Optics, Photonics & Laser

Biography

Biography: Albrecht Lindinger

Abstract

In recent years multiphoton excitation of biological samples by using ultrashort laser pulses became an important imaging method. Fluorescent molecules were employed to distinguish between tissue structures, and a high contrast is required for microscopic imaging. Thereto, laser pulse shaping provides a powerful tool by tailoring the pulses such that two species may selectively be excited. In particular, shaping of laser pulses is applied to exploit intrapulse interference effects in multiphoton excitation. Physically relevant parameters like chirps and polarization states can be controlled which yields perspectives of utilizing all light properties.

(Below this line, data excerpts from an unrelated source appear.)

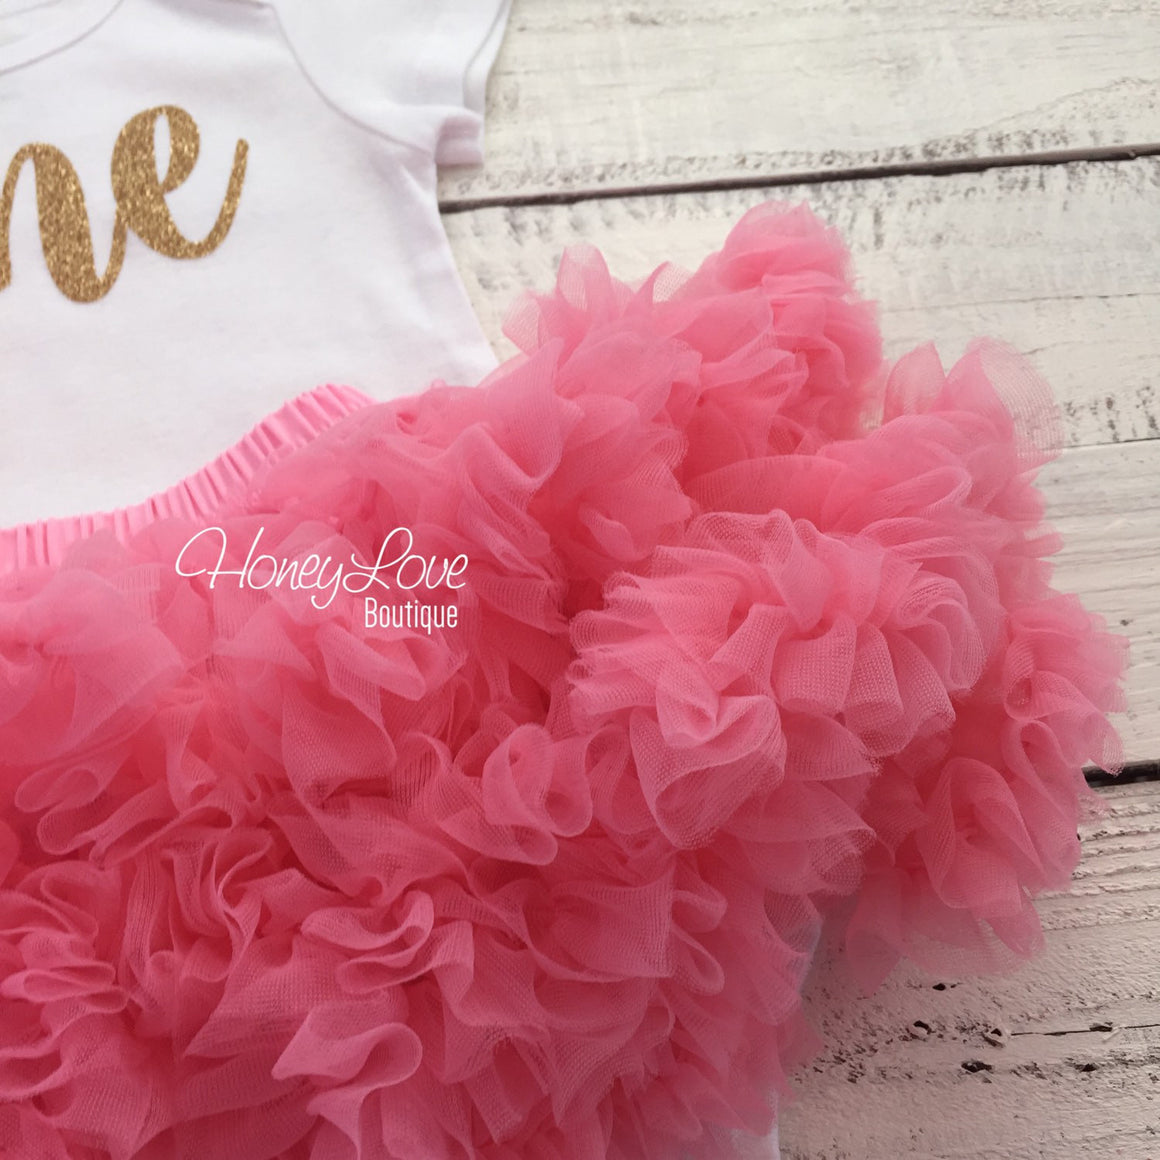 One - Birthday Outfit - Gold Glitter and Coral Pink - HoneyLoveBoutique
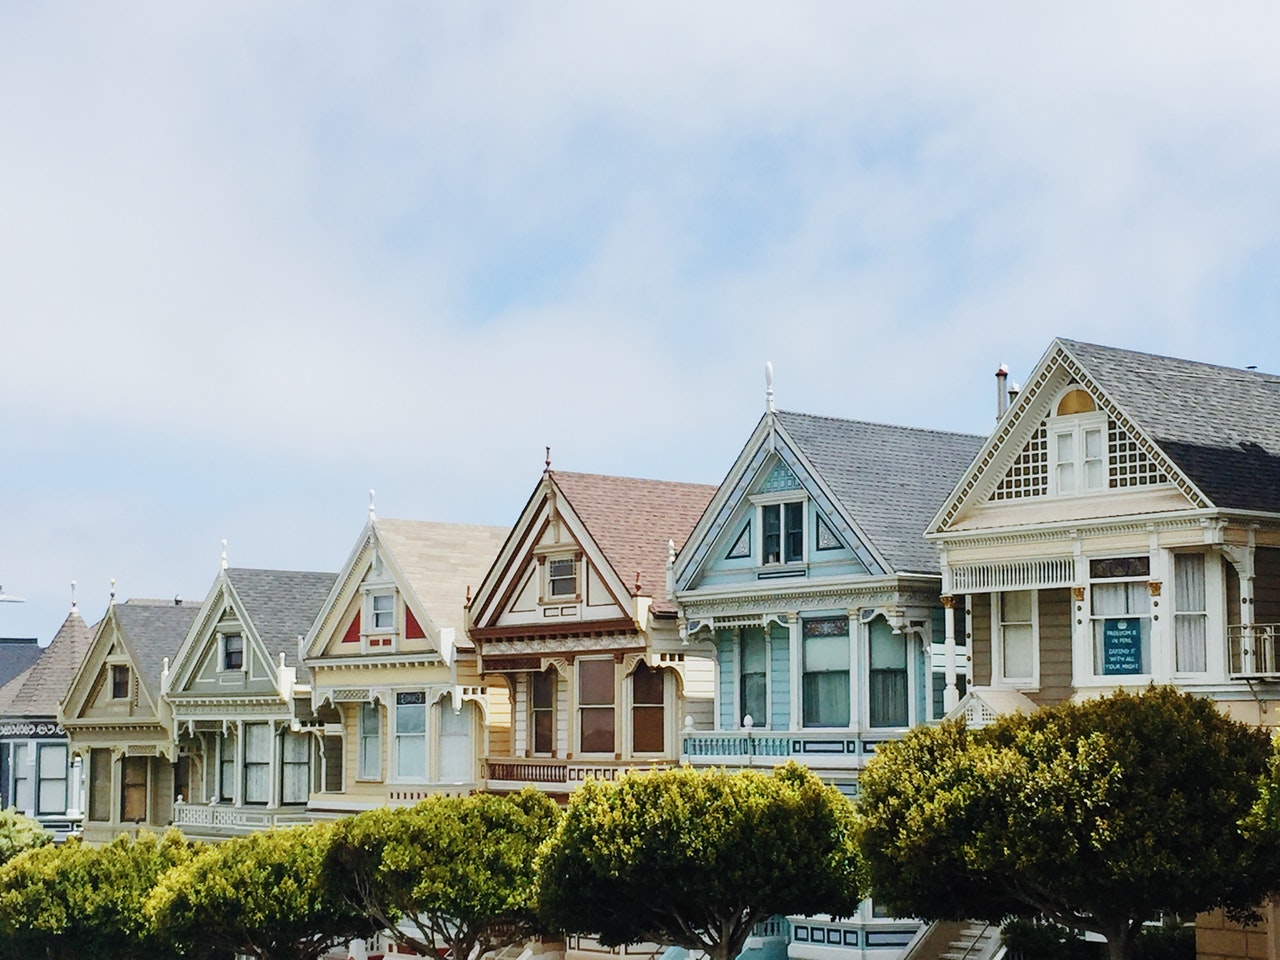 How Do You Know If It’s A Good Time To Buy A Home In The Bay Area?
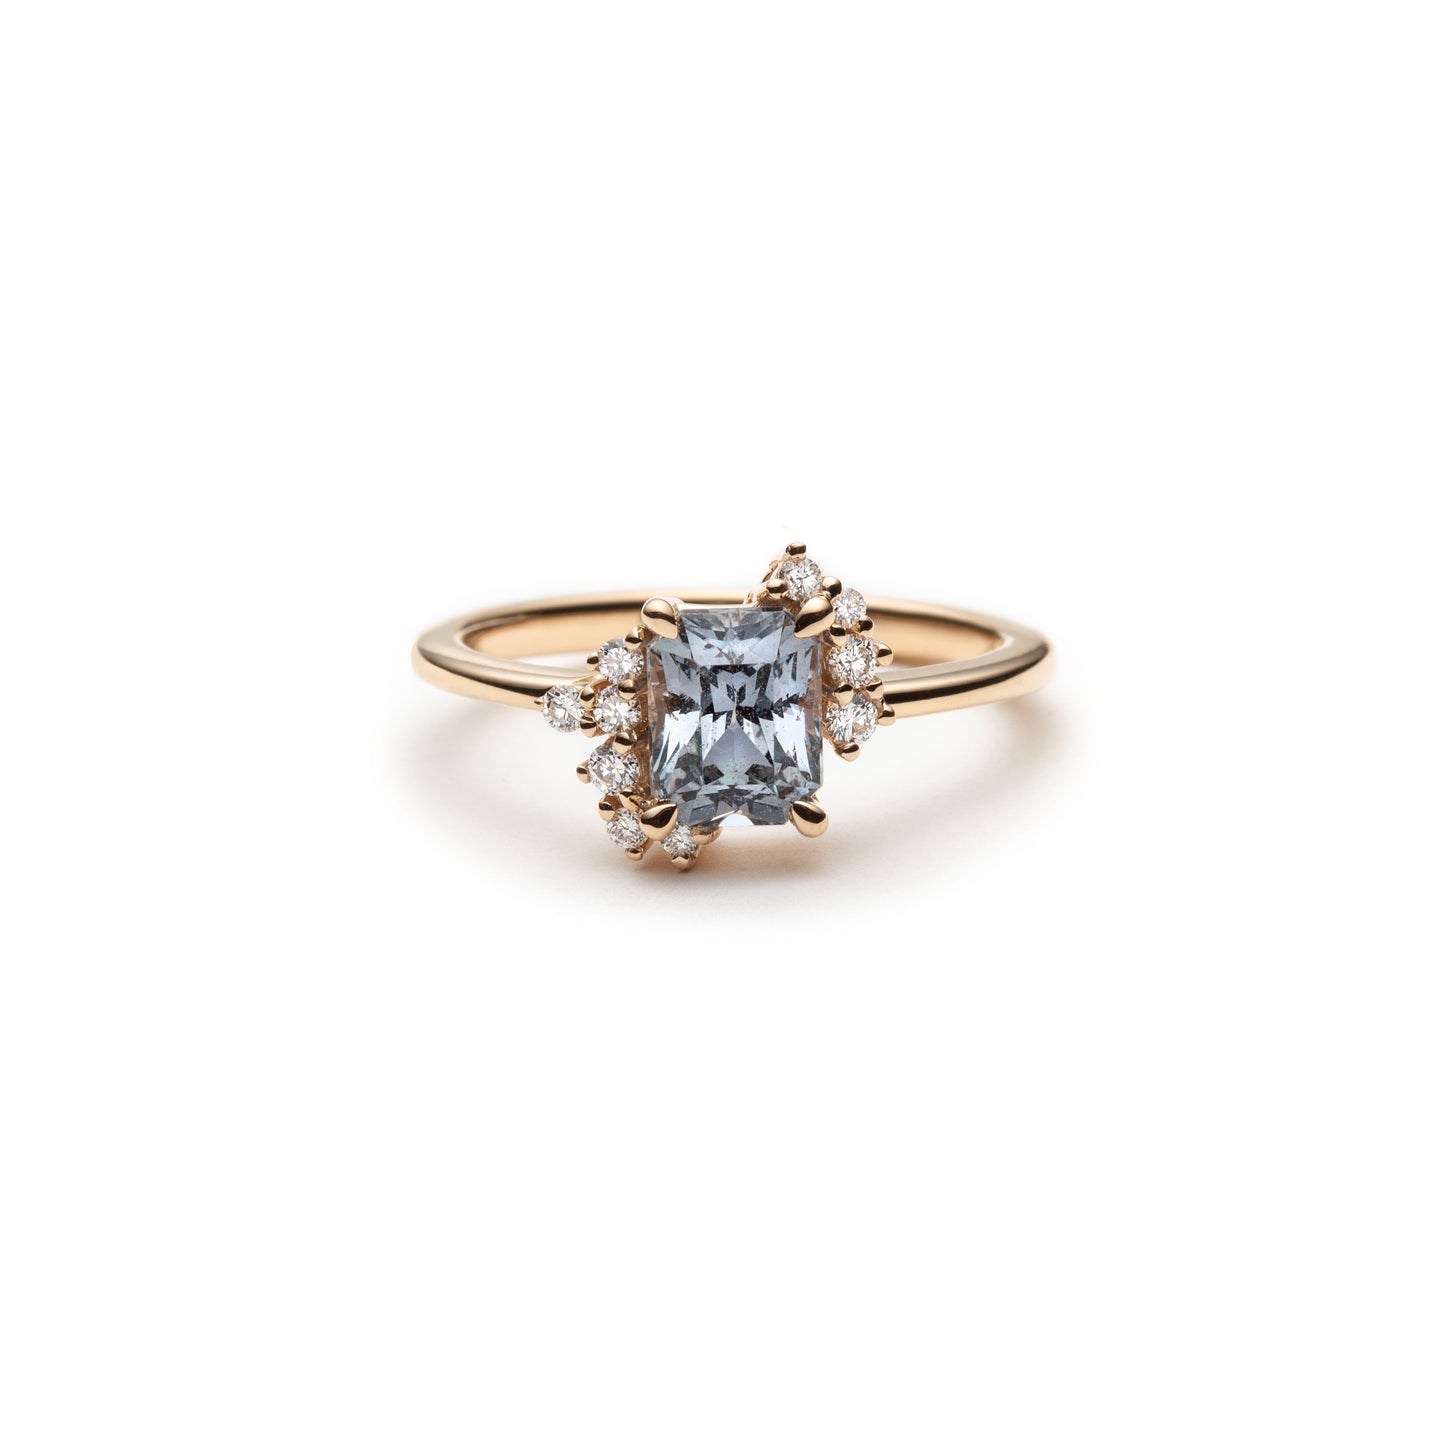 One of a Kind Gray Sapphire and Diamond Asymmetric Ring

In this contribution pulse shaping methods for improved multiphoton excited fluorescence contrast are applied on auto fluorescing biomolecules after transmitting a nanostructured kagome fibre. Antisymmetric phase functions are employed for contrast enhancement of auto fluorescing vitamins. Moreover, phase and polarization tailored pulses are generated to optimally excite one dye in one polarization direction and simultaneously the other dye in the other polarization direction. Polarization sensitive contrast is obtained for the coenzymes nicotinamide adenine dinucleotide (NADH) and Flavin adenine dinucleotide (FAD), which give a measure for metabolic activity. This could provide non-invasive diagnostic information about tumour genesis without exogenous markers.

Moreover, combined temporal and spatial pulse shaping for lateral and axial two-photon excited fluorescence is reported by utilizing a temporal pulse shaper and a subsequent spatial pulse shaper. In particular, a depth dependent excitation of different dyes is performed which leads to a high axially resolved fluorescence contrast. The introduced spatial and temporal shaping technique provides new perspectives for bio photonic imaging applications.